(Items listed in a dataset)

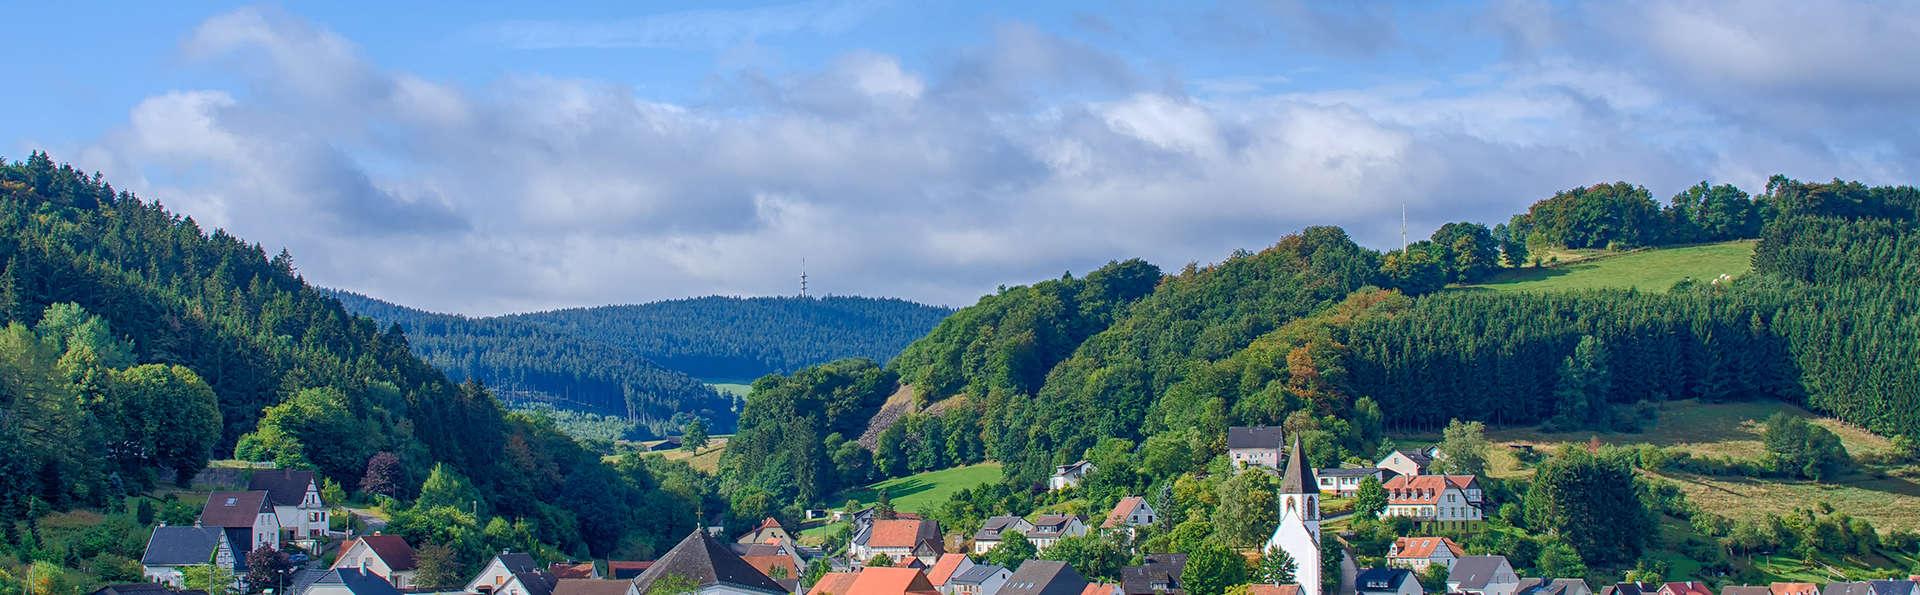 Profitez de la nature dans la belle région du Sauerland
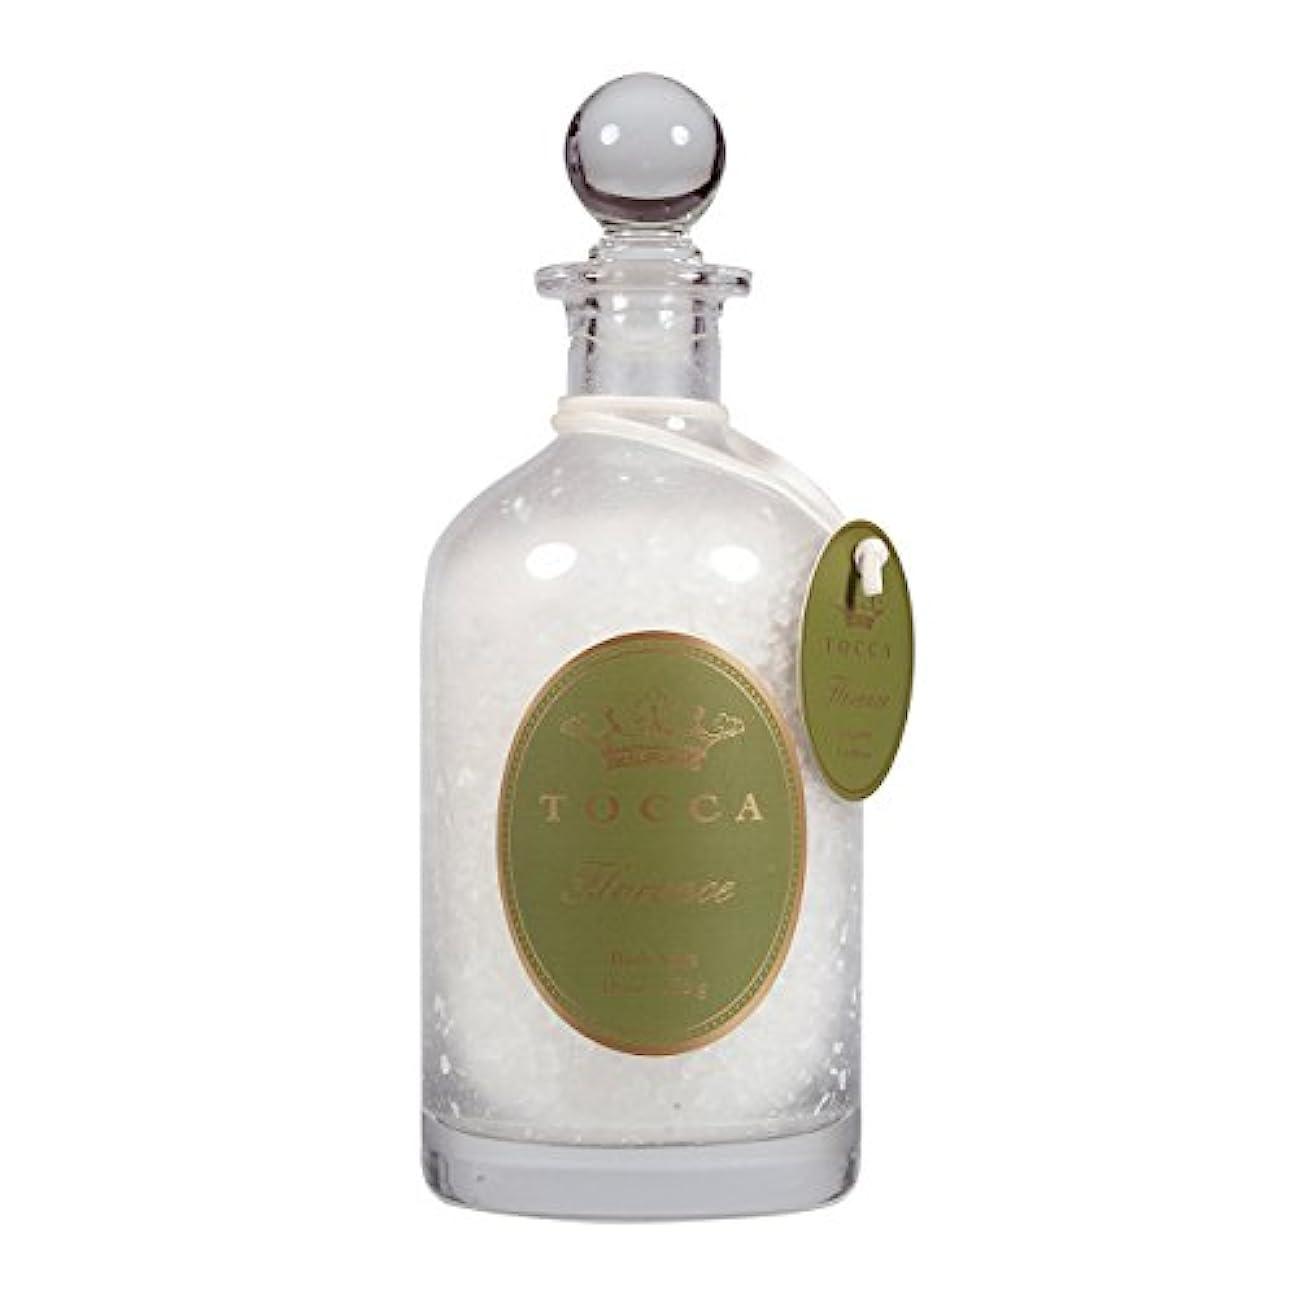 昆虫豆不良品トッカ(TOCCA) バスソルト 535g フローレンスの香り (約10回分)
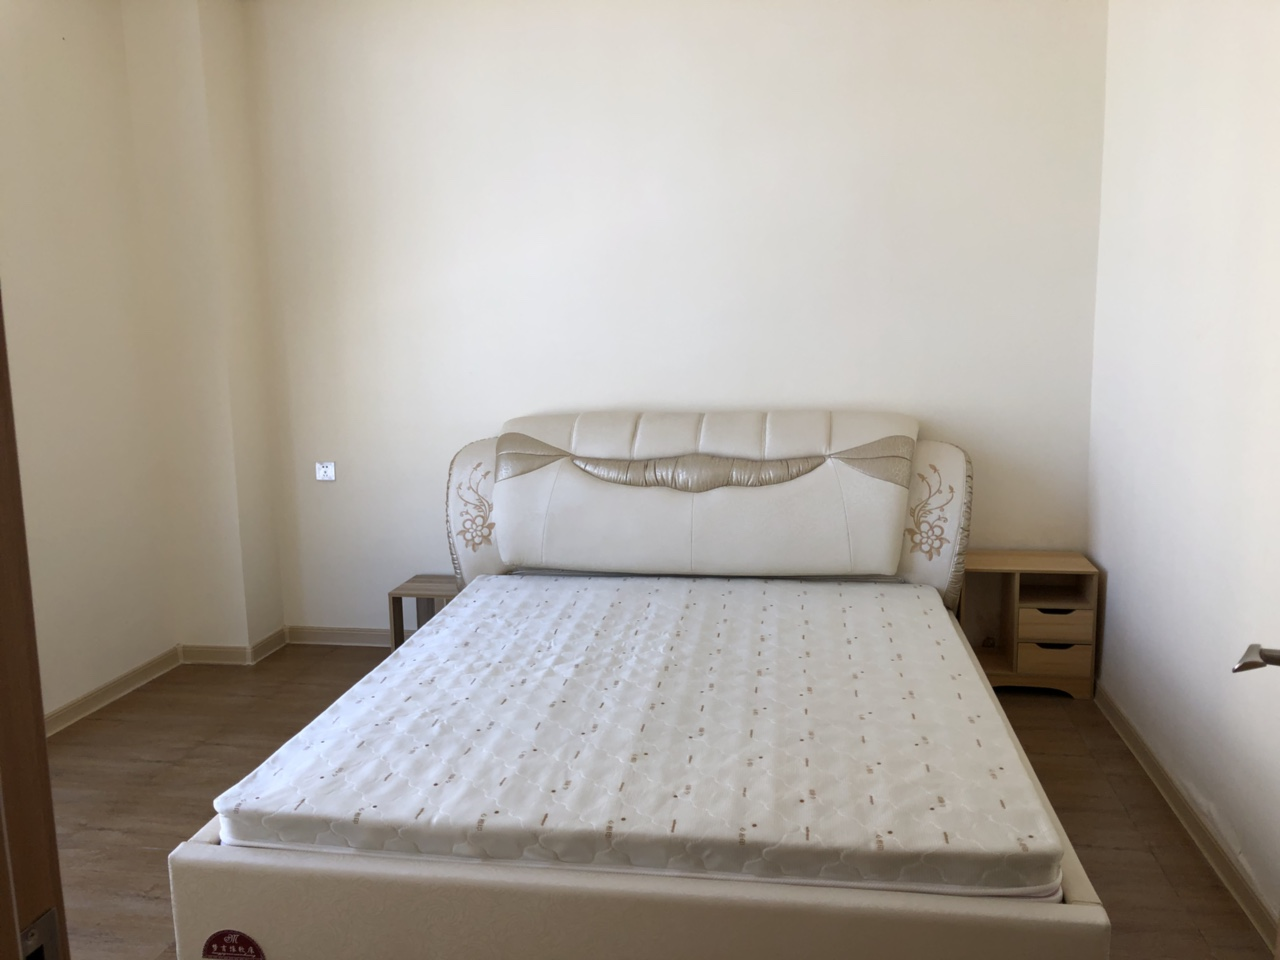 维斯登故居1室 1厅 1卫 1800
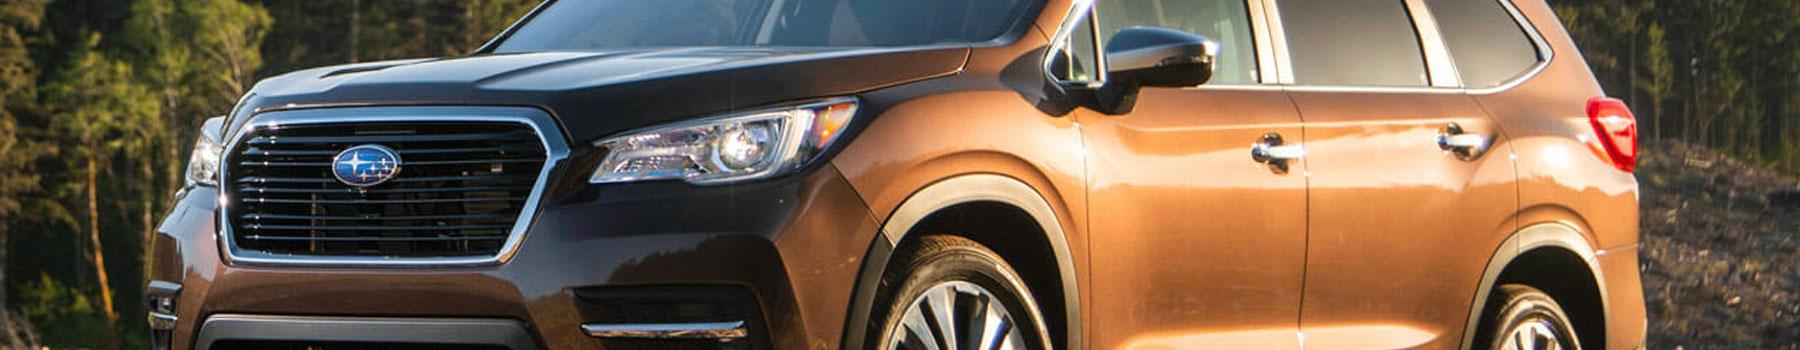 Shop OEM Subaru Touch Up Paint
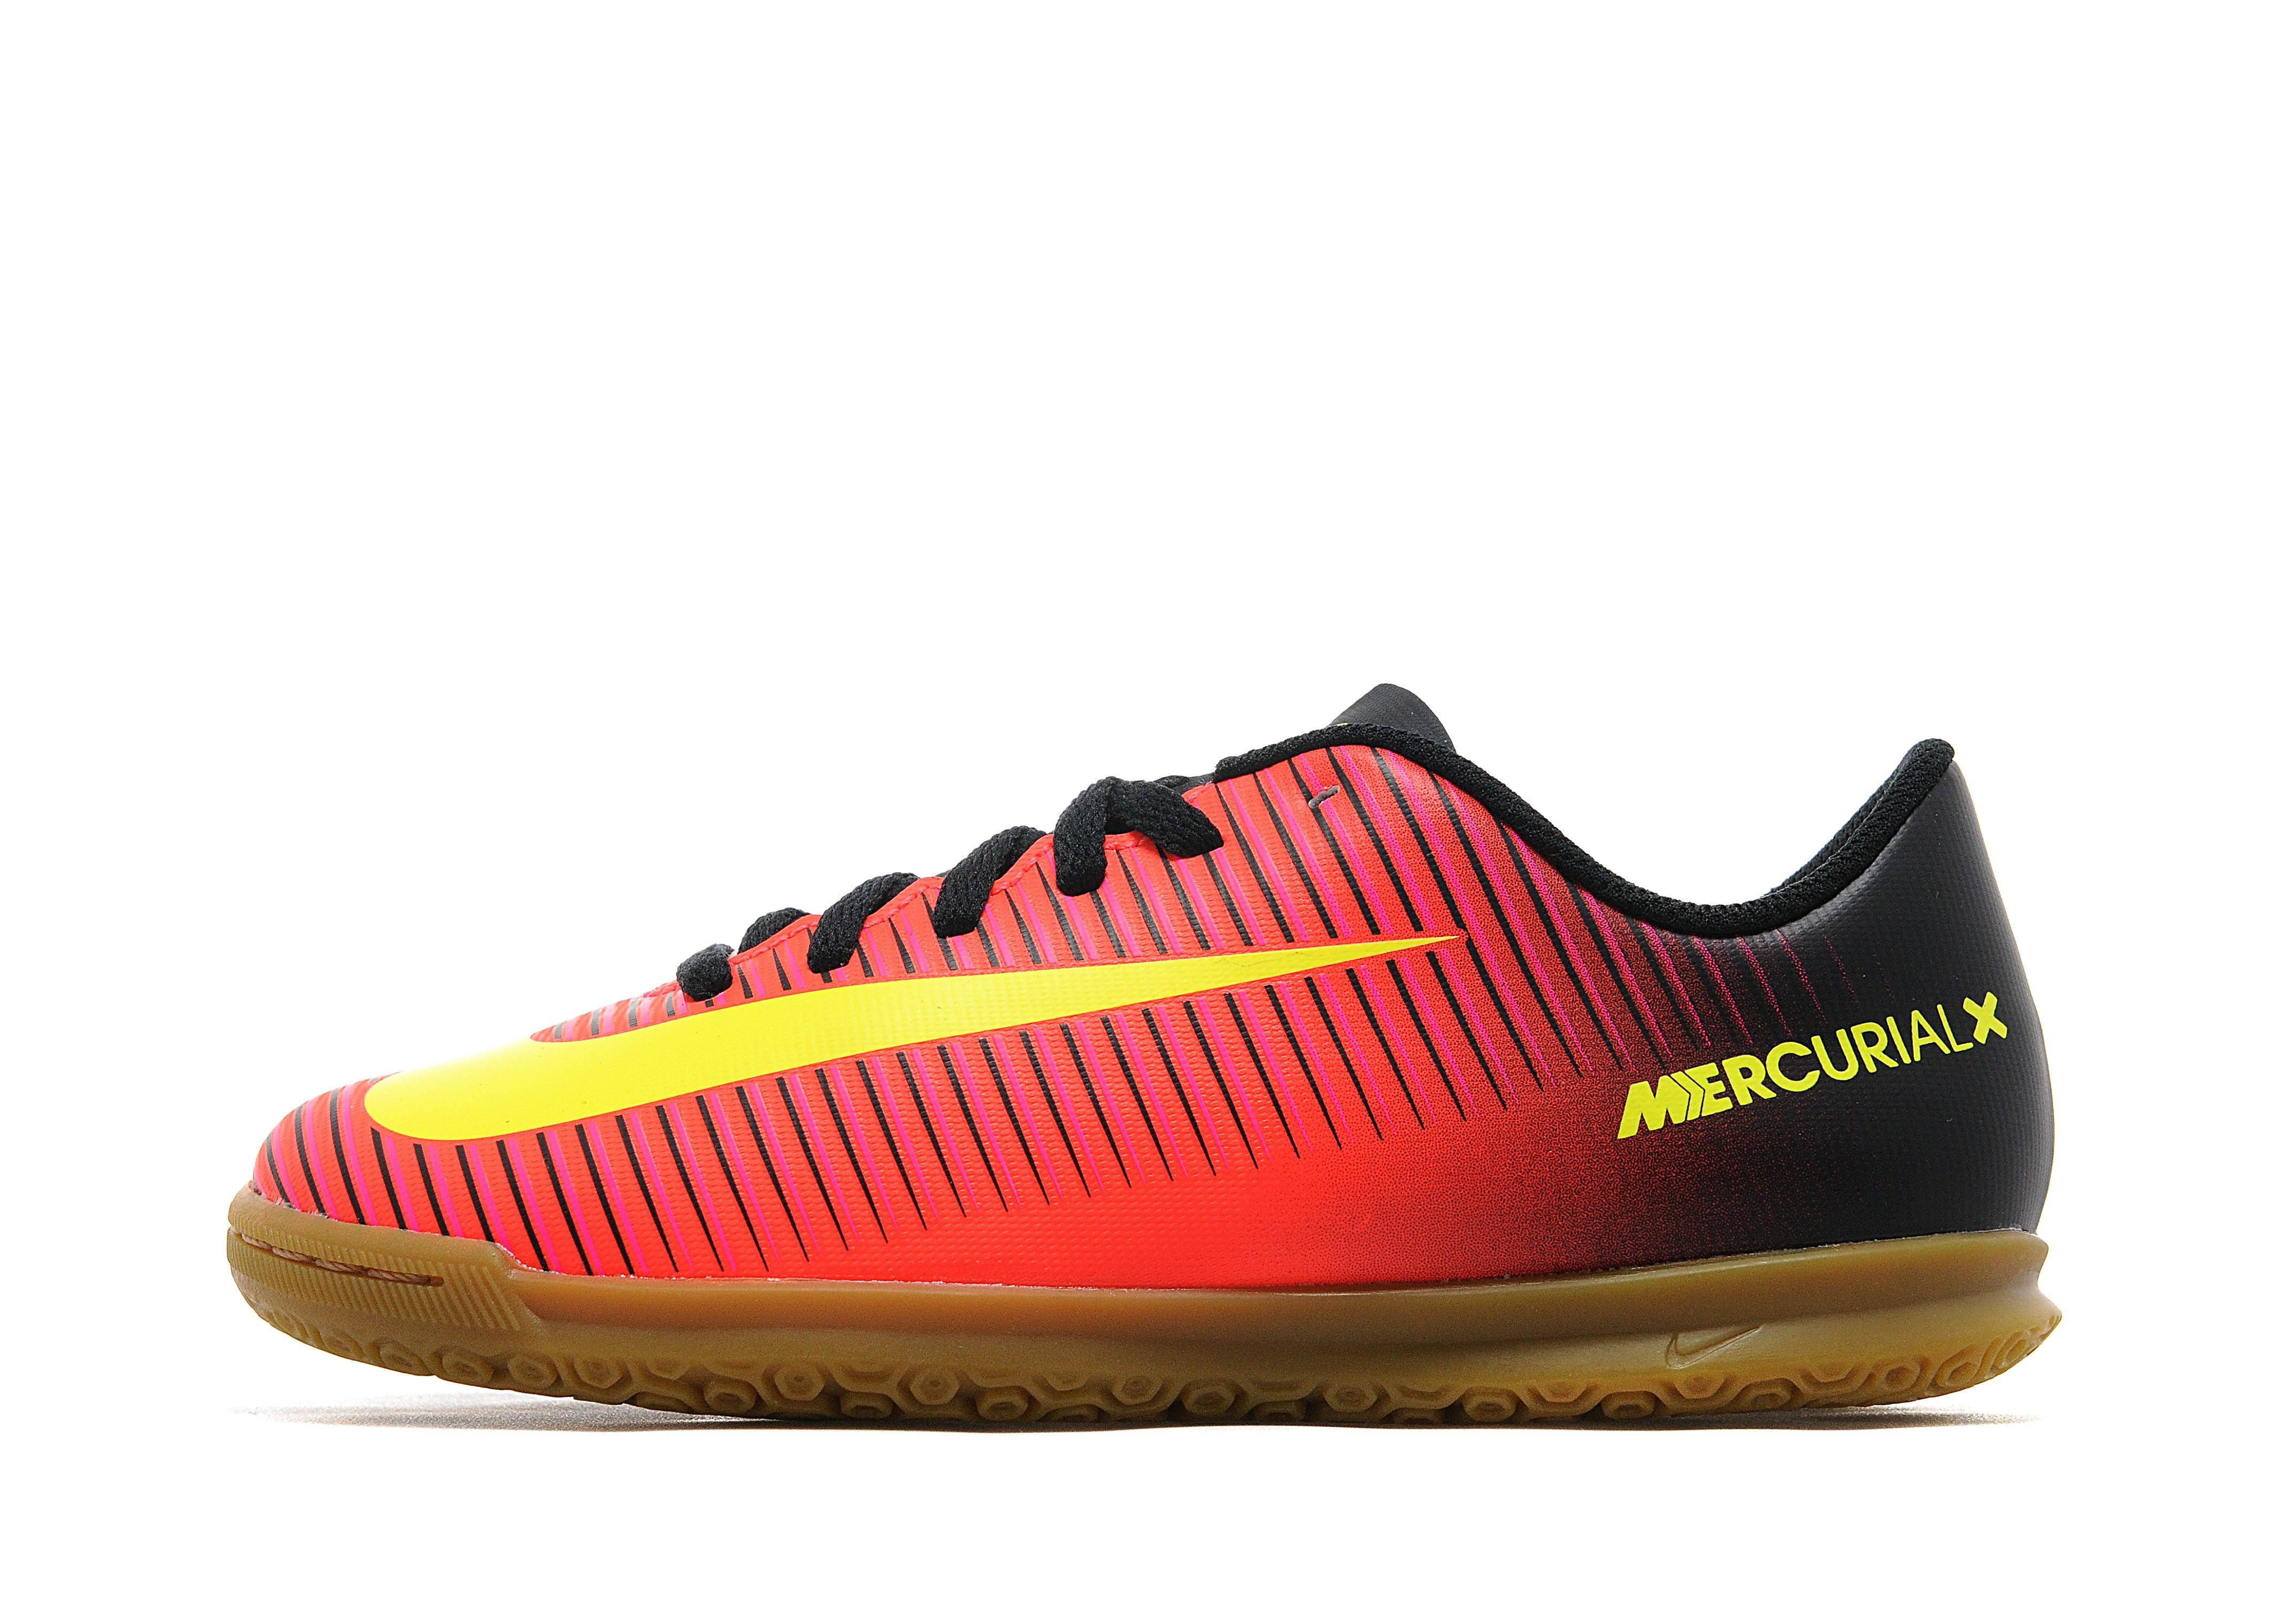 Nike Spark Brilliance Mercurial Vortex III IC Children

→ **To do**: Repeat exactly the line containing "Shop OEM Subaru Touch Up Paint" and every line after it through the end of the records, and nothing else. Leave the pictures out.

→ **Response area**:
 Shop OEM Subaru Touch Up Paint
 Nike Spark Brilliance Mercurial Vortex III IC Children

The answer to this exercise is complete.